Exercise: Exact repetition, please: start with the line where "<p>Weight: 0.48 lbs</p>" appears and stop after the final line of the records.

Supplied data below:

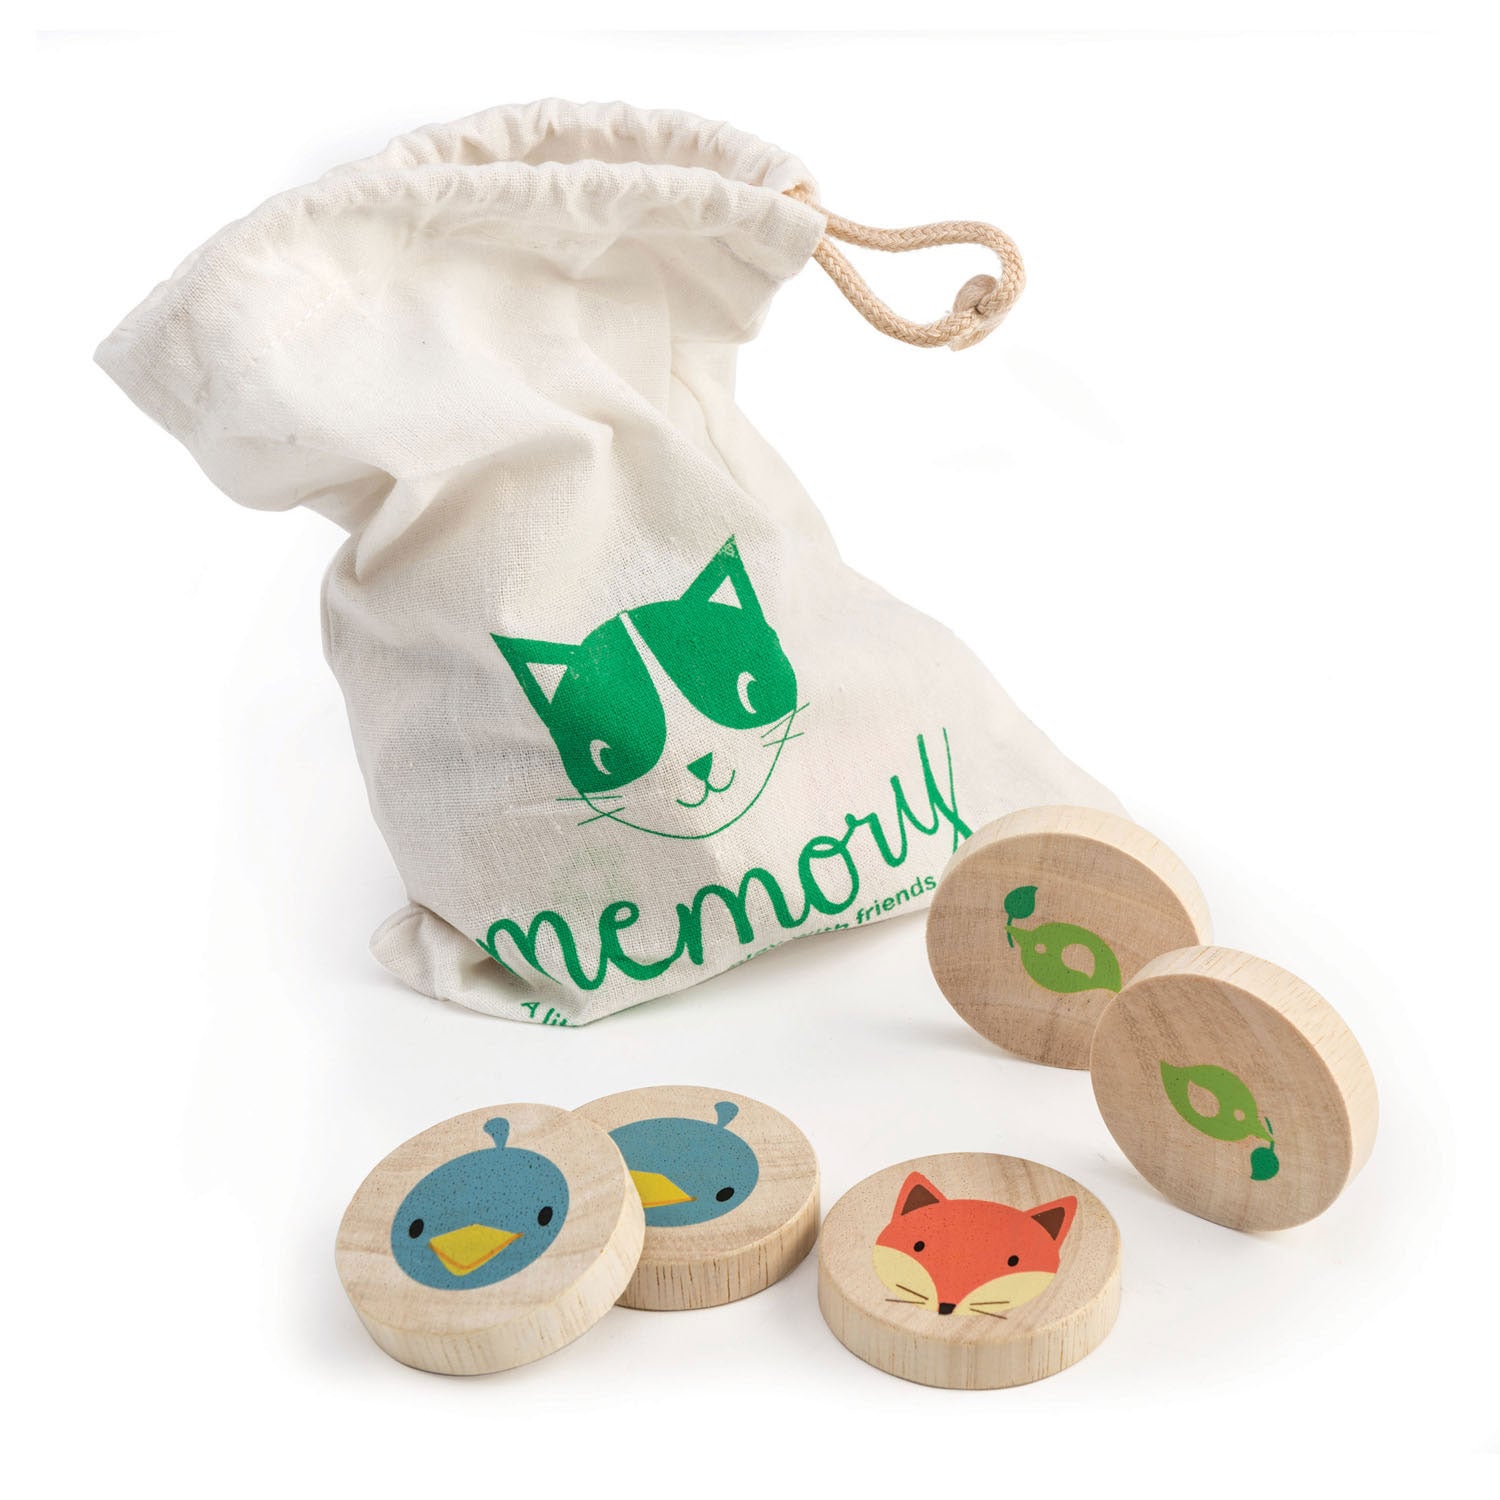 <p>A little memory game to play with friends! The Clever Cat Memory Game has 16 printed solid wood discs with 8 different animal faces for matching. A canvas drawstring bag is included for easy storage and transport. </p>
<p>Age range: 18 months +  </p>
<p>Product size: 6.50&quot; x 7.76&quot; x 0.39&quot;  </p>
<p>Weight: 0.48 lbs</p>
<p><strong><a href="https://kids.allwomenstalk.com/blogs/tender-leaf-blog/design-a-cat-collar">Design a Cat Collar Printable</a></strong></p>

End of Supplied data.

Task result:
<p>Weight: 0.48 lbs</p>
<p><strong><a href="https://kids.allwomenstalk.com/blogs/tender-leaf-blog/design-a-cat-collar">Design a Cat Collar Printable</a></strong></p>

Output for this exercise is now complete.